13. A method for automatic report generation, the method comprising:
obtaining at least a first type of data associated with a medical procedure and a second type of data associated with the medical procedure;
generating, using a first machine learning (ML) model, first textual descriptions based on the first type of data, wherein the first textual descriptions are associated with multiple temporal levels;
generating, using a second ML model, second textual descriptions based on the second type of data, wherein the second textual descriptions are also associated with the multiple temporal levels;
producing a raw medical report that describes the medical procedure based at least on the first textual descriptions and the second textual descriptions, wherein the first textual descriptions and the second textual descriptions are aggregated in the raw medical report based on the multiple temporal levels with which the first textual descriptions and the second textual descriptions are associated; and
refining the raw medical report based on a large language model (LLM).
14. The method of claim 13, wherein the first type of data includes a video recording of the medical procedure, and the first ML model includes a vision-language model configured to extract visual features from the video recording and generate the first textual descriptions based on the extracted visual features.
15. The method of claim 14, wherein the second type of data includes an audio recording of the medical procedure, patient vital signs, patient medical records, or logs of a device used during the medical procedure, and wherein the second ML model includes an ML model configured to extract features from the audio recording, the patient vital signs, the patient medical records, or the logs of the device used during the medical procedure, the second ML model further configured to map the extracted features to the second textual descriptions.

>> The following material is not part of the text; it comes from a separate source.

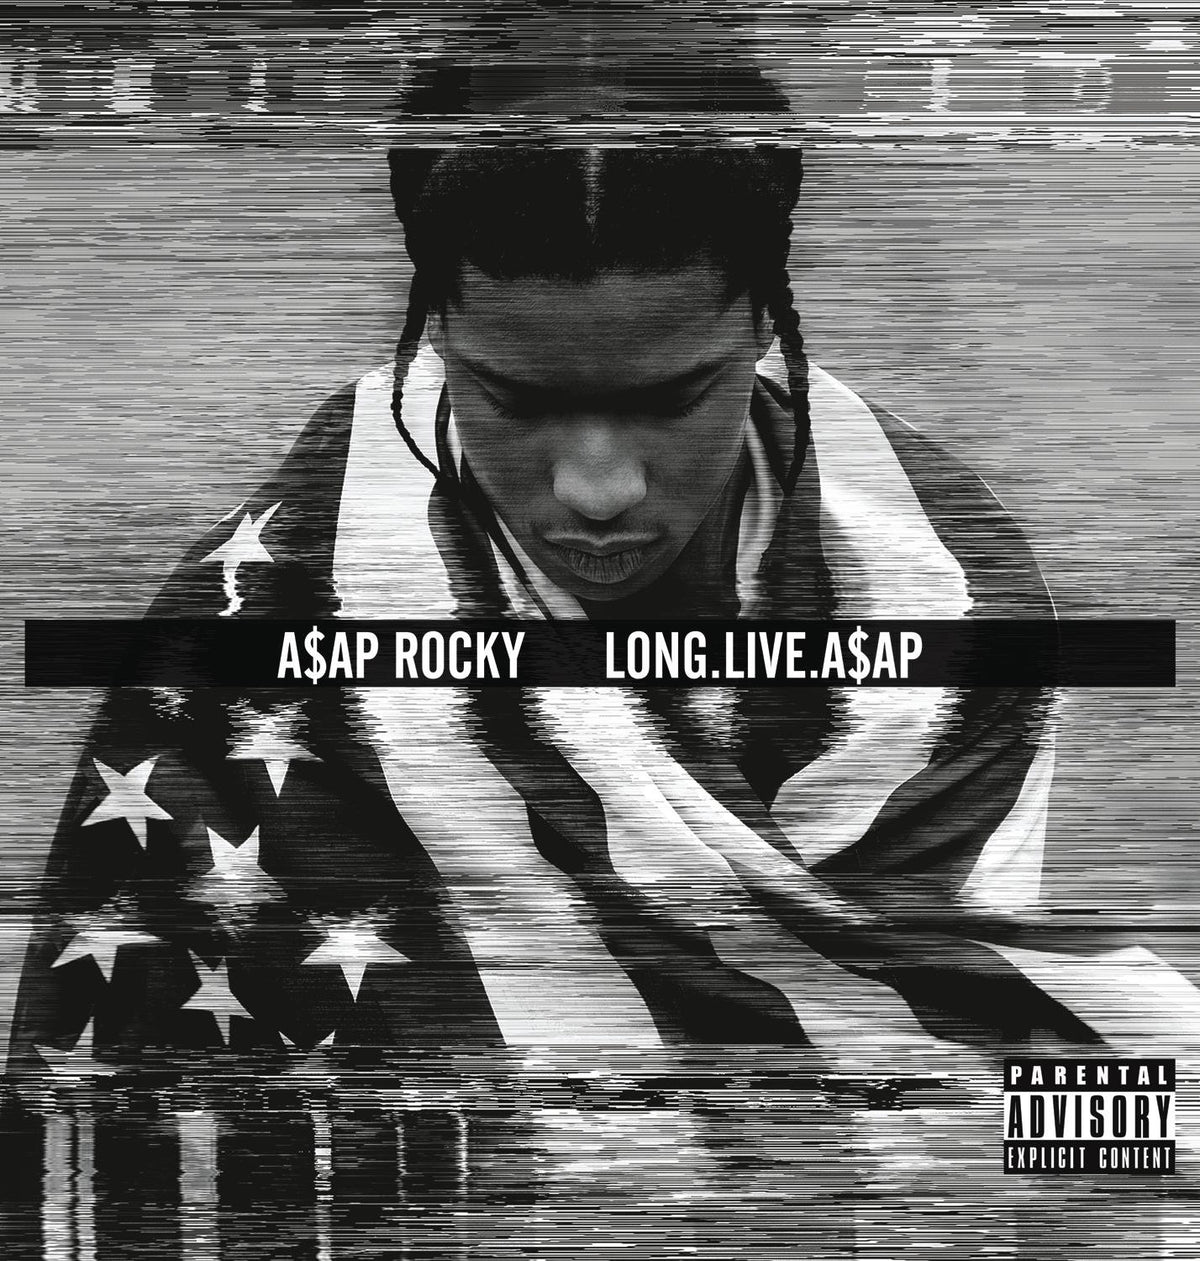 A$AP Rocky - Long.Live.A$AP 2LP (Orange Vinyl, Gatefold)

16. The method of claim 14, wherein the vision-language model is configured to determine, for each frame of the video recording, one or more region-wise tokens each indicative of a person or object detected in a corresponding region, and wherein, for each frame of the video recording, the vision-language model is further configured to determine a caption that describes the frame.
17. The method of claim 13, wherein each of the multiple temporal levels corresponds to a respective time spot or step of the medical procedure.
18. The method of claim 13, wherein producing the raw medical report comprises concatenating, for each temporal level of the multiple temporal levels, one or more of the first textual descriptions that correspond to the temporal level with one or more of the second textual descriptions that correspond to the temporal level.
19. The method of claim 18, wherein producing the raw medical report further comprises aggregating, across the multiple temporal levels, the one or more of the first textual descriptions and the one or more of the second textual descriptions that are concatenated at each temporal level.
20. The method of claim 13, wherein the LLM is configured to refine the raw medical report based on a predefined report structure or predefined report language.